**Exercise:** Say how many lines below hold the word "Black"; give the number by itself.

**Extracted entries:**
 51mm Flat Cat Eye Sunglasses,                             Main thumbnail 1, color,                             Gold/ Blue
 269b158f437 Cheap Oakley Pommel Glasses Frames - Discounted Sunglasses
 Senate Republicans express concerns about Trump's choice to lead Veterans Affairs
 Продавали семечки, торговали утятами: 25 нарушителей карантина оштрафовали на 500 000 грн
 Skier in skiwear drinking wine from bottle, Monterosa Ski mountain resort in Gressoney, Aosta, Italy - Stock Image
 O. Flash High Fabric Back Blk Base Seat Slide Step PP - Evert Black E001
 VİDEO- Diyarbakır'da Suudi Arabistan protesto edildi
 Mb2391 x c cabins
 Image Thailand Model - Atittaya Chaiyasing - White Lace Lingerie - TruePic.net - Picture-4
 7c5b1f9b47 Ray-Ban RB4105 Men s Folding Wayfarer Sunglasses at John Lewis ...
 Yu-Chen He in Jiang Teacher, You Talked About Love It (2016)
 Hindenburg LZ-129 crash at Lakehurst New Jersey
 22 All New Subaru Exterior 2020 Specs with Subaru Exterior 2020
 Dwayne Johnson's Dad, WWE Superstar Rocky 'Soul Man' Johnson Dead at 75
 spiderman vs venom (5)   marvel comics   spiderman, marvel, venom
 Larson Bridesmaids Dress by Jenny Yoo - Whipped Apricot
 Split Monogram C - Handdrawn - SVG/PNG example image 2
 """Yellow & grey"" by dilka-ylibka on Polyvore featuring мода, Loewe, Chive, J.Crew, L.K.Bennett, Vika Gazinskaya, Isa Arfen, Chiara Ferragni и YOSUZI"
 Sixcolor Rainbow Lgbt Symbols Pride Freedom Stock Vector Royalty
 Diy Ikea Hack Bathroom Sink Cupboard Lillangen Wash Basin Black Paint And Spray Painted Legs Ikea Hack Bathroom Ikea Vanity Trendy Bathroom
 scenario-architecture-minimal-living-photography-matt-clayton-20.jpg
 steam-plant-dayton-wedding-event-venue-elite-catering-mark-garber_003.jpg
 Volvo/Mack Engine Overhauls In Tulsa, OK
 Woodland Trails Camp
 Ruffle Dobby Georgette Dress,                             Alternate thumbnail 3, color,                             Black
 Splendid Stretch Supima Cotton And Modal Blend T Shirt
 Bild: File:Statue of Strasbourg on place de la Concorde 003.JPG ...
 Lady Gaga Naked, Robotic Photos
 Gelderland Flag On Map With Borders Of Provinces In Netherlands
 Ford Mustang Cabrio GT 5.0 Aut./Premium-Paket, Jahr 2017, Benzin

**Exercise result:** 3